Everybody Hates the St. Louis Cardinals, Why?
By Mike Cardillo
A funny thing happened when Adam Wainwright struck out Pedro Alvarez Wednesday night for the final out of the NLDS series between the Cardinals and the Pirates. Wait, let’s start over, a completely expected thing happened when Wainwright dropped into some sort of power crouch, double-fist pump on the mound at Busch Stadium.
My entire Twitter feed turned into pure, 100-percent anti-Cardinals vitriol. There’s no sense posting any of the tweets. They basically fell into these general categories: a) I hate the Cardinals b) the Cardinals suck c) Cardinals fans suck d) the Cardinals and their fans are pieces of fecal matter. There were also plenty of tweets accusing the Cardinals of institutional racism, which serves as another reminder perhaps the 140-character microblog service isn’t all it’s cracked up to be, despite our reliance on it.
At one point I decided to ask: why are the Cardinals subject of such unabashed hatred? Admittedly I’ve been bitter toward the Cards since they embarrassed my Tigers in the 2006 World Series, but the growing anti-St. Louis sentiment by sports fans is strange. Some of the vitriol could simply be trolling, but it seemed a little too widespread to be only that.
The most typical response to my query centered around the theory in the national media that St. Louis is home to the “best fans in baseball,” and as we know any time the national media start hammering home a point there will be backlash. Fittingly a parody Twitter account @BestFansStLouis picks into the darker side of St. Louis fandom. As you’d expect, St. Louis fans are just like everybody else, so painting them with the wide brush of the “best” label is probably a little foolish.

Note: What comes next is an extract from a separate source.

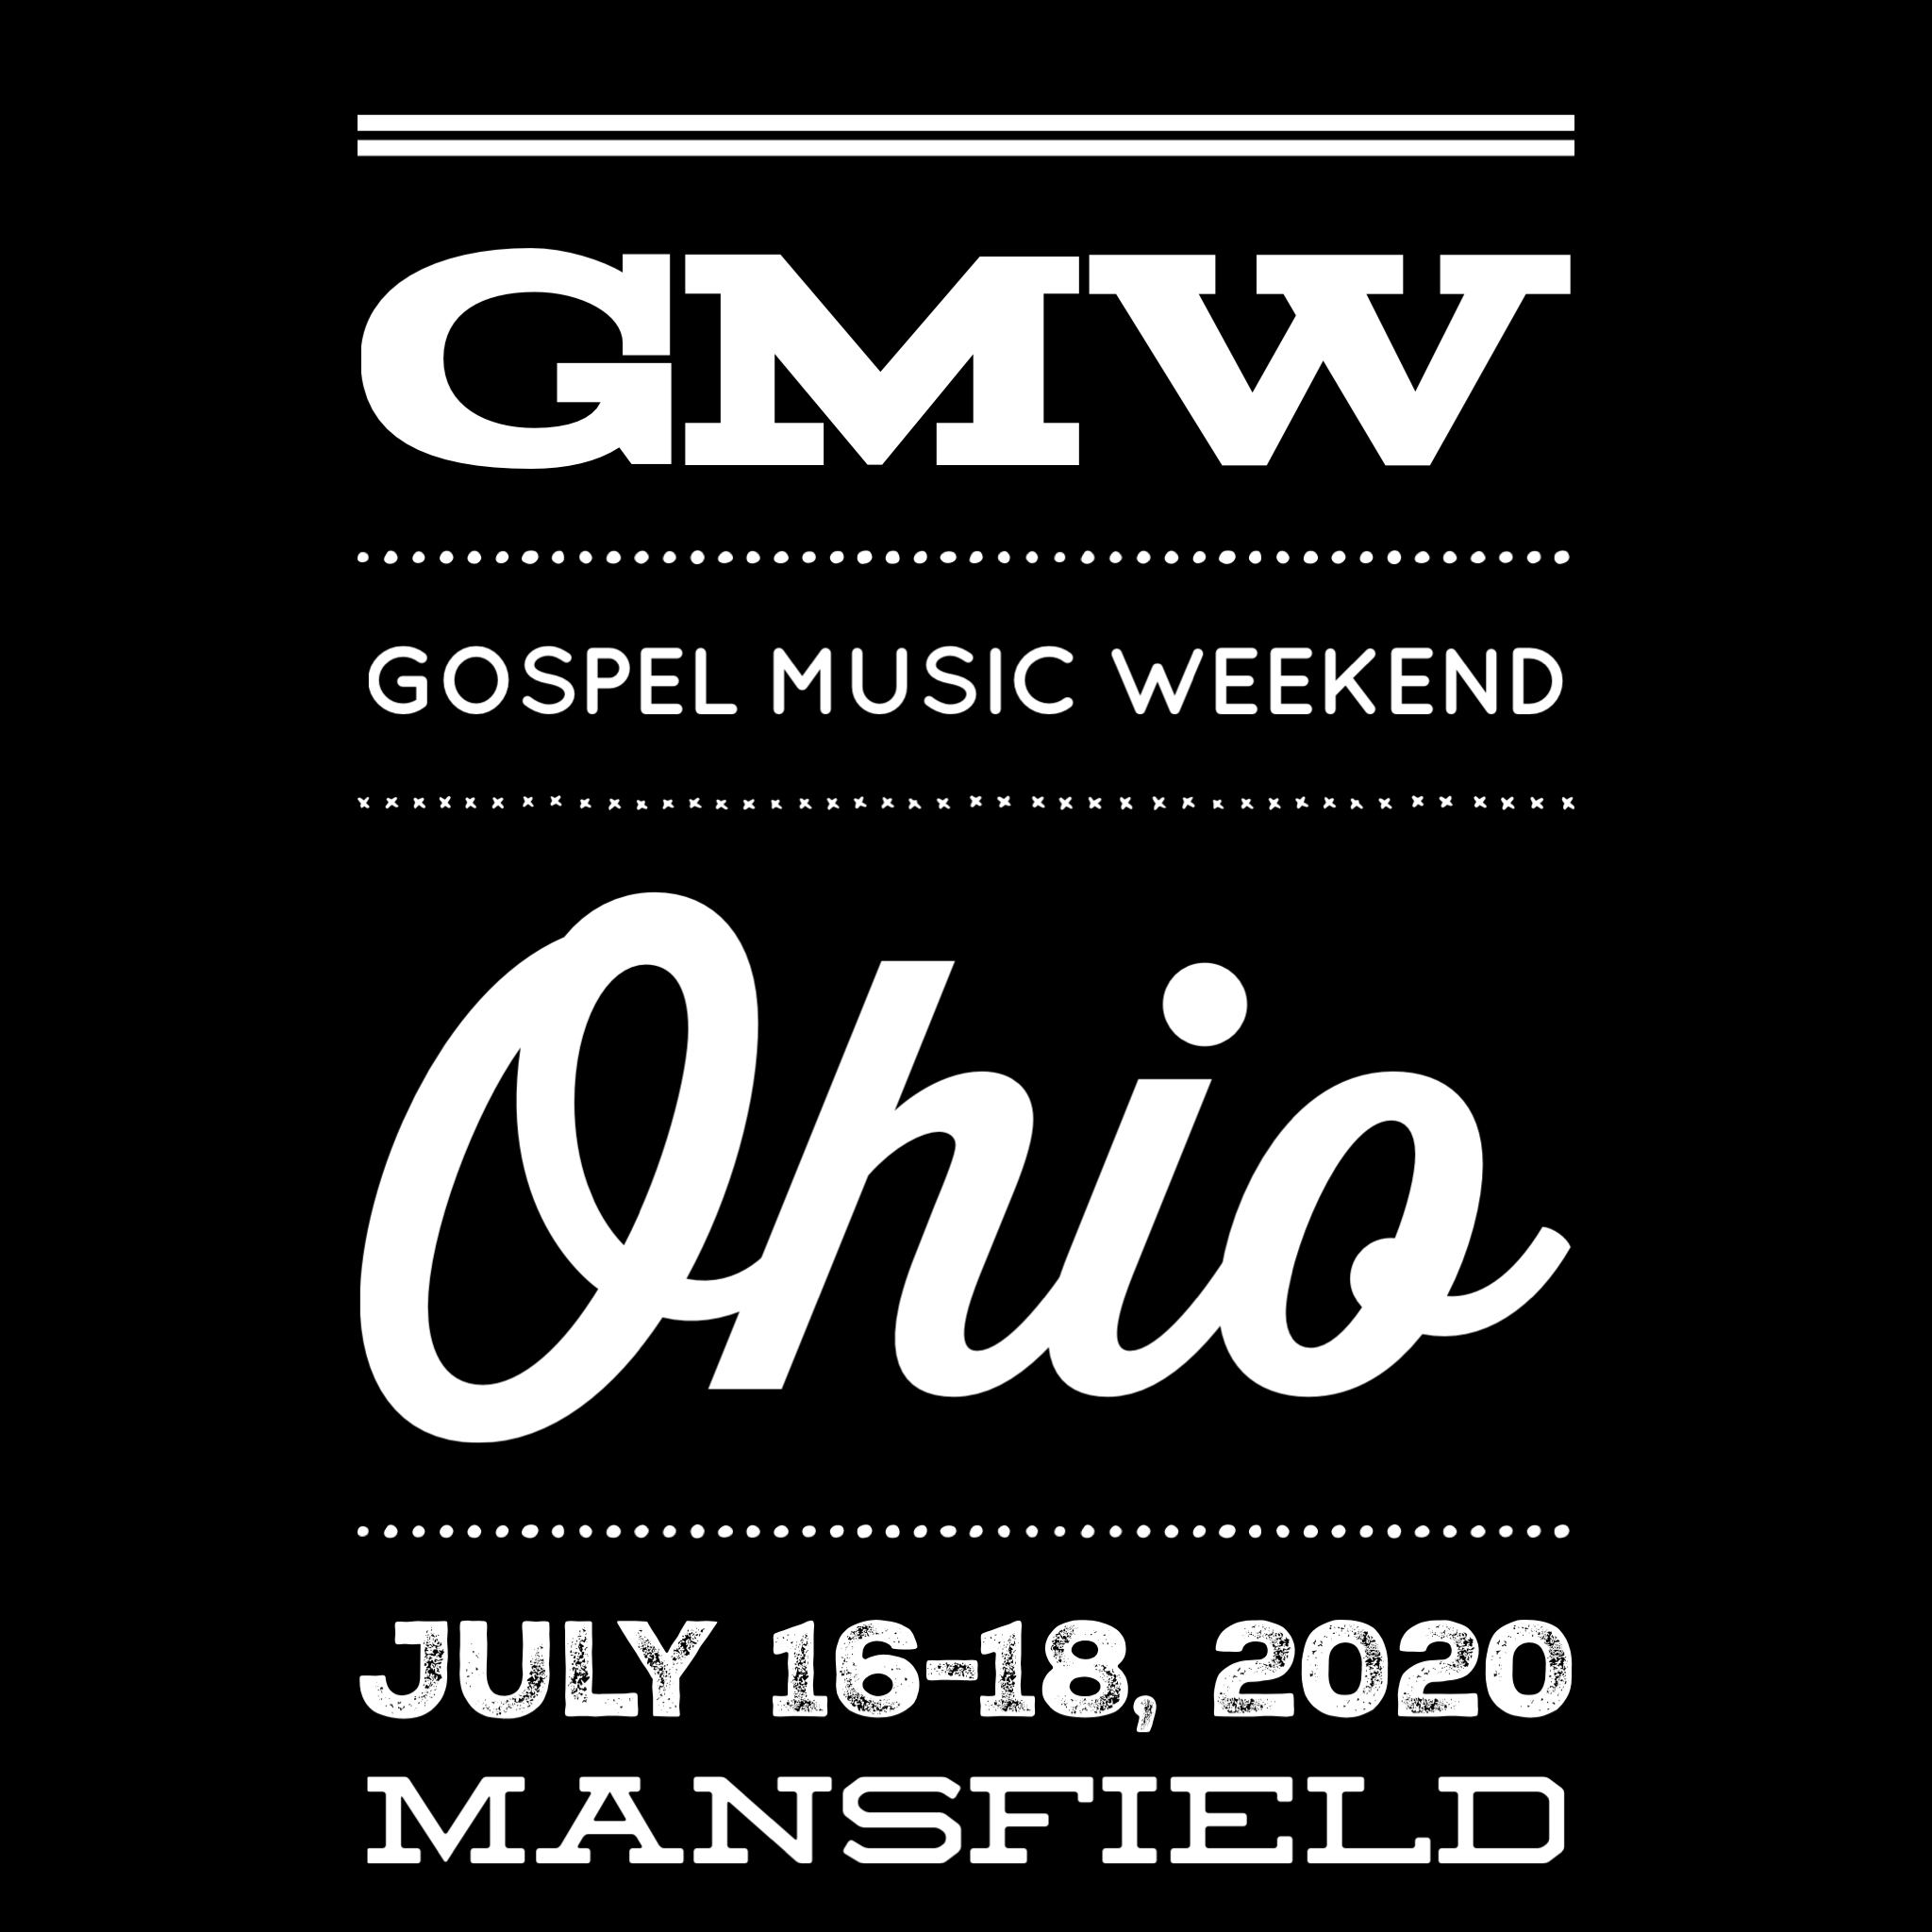 Gospel Music Weekend Slated for Ohio
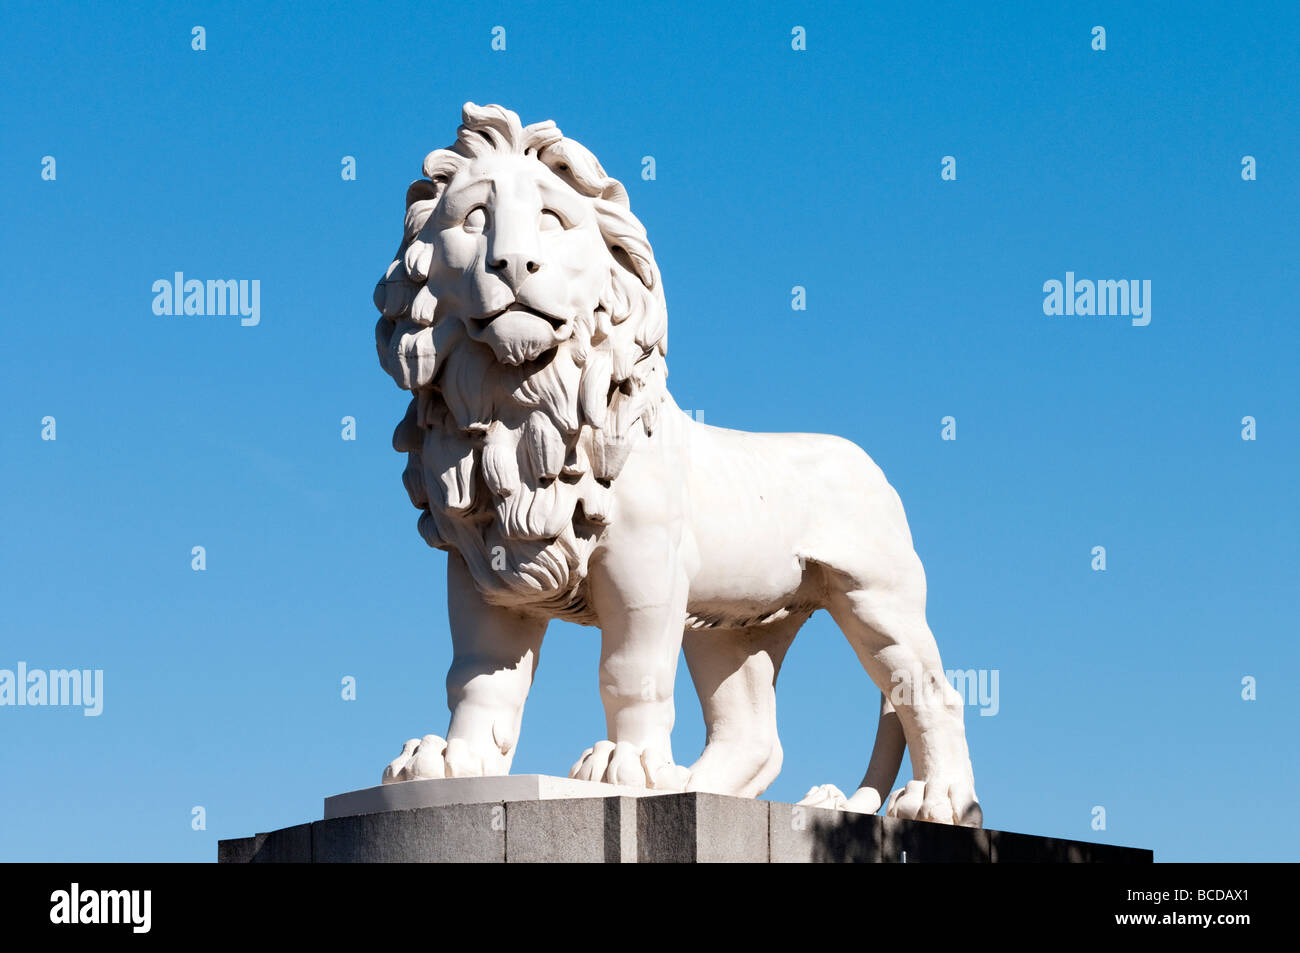 La Banque du Sud Lion sculpture, London England UK Banque D'Images

Is that really it, though? Is the”Best Fans” tag is a reason to loathe the Cardinals? Have we all become so cynical and twisted that a team having lots of loyal fans, independent of the “best” label, is a reason for loathing? (I emailed a Cardinals friend and he said he’s only noticed the “hate” the last two Octobers. He said all the fans he knows HATE the “best fans” label.)
It has to be more than that. If anything, it’s typical sports jealously of successful teams. Without the Yankees in the playoffs, fans need a team to root against, meaning the Cardinals have joined their place at the table alongside the likes of the Patriots, the Heat and Duke basketball.
Friday’s NLCS Game 1 against the Dodgers at Busch Stadium will represent the 22nd postseason series by the Cardinals since 2000. During that span they’ve played in three World Series, winning twice. So in that regard, yes, people might be tired of seeing them seemingly each and every October. Familiarity often breeds contempt in sports.
Still, few baseball fans wouldn’t be envious of the Cardinals organization. Look no further than this season where homegrown arms like Michael Wacha, Shelby Miller, Lance Lynn and Trevor Rosenthal all played key roles. Take the production-line farm system that brings up useful bats like Matt Carpenter and Matt Adams year-after-year. Most baseball fans would be happy to have a team like this, churning out winners with mostly players the organization developed. Figure on plenty of “model organization” stories about St. Louis in the next week, which will likely only end up producing more anti-Cardinals contempt than respect.
Chances are as the NLCS progresses almost everyone on Twitter without direct rooting interests will pull for Yasiel Puig, Hanley Ramirez, Clayton Kershaw and the Dodgers. Strike that, everyone outside of Cardinals fans (and Giants fans) will be pulling for the Dodgers.
So in a weird way, congratulations are in order for the Cards and their fans. The club’s sustained level of success places them in the pantheon of team’s America loves to hate. Don’t worry about the haters, Cardinals fans, you’ve got the rings and they probably don’t.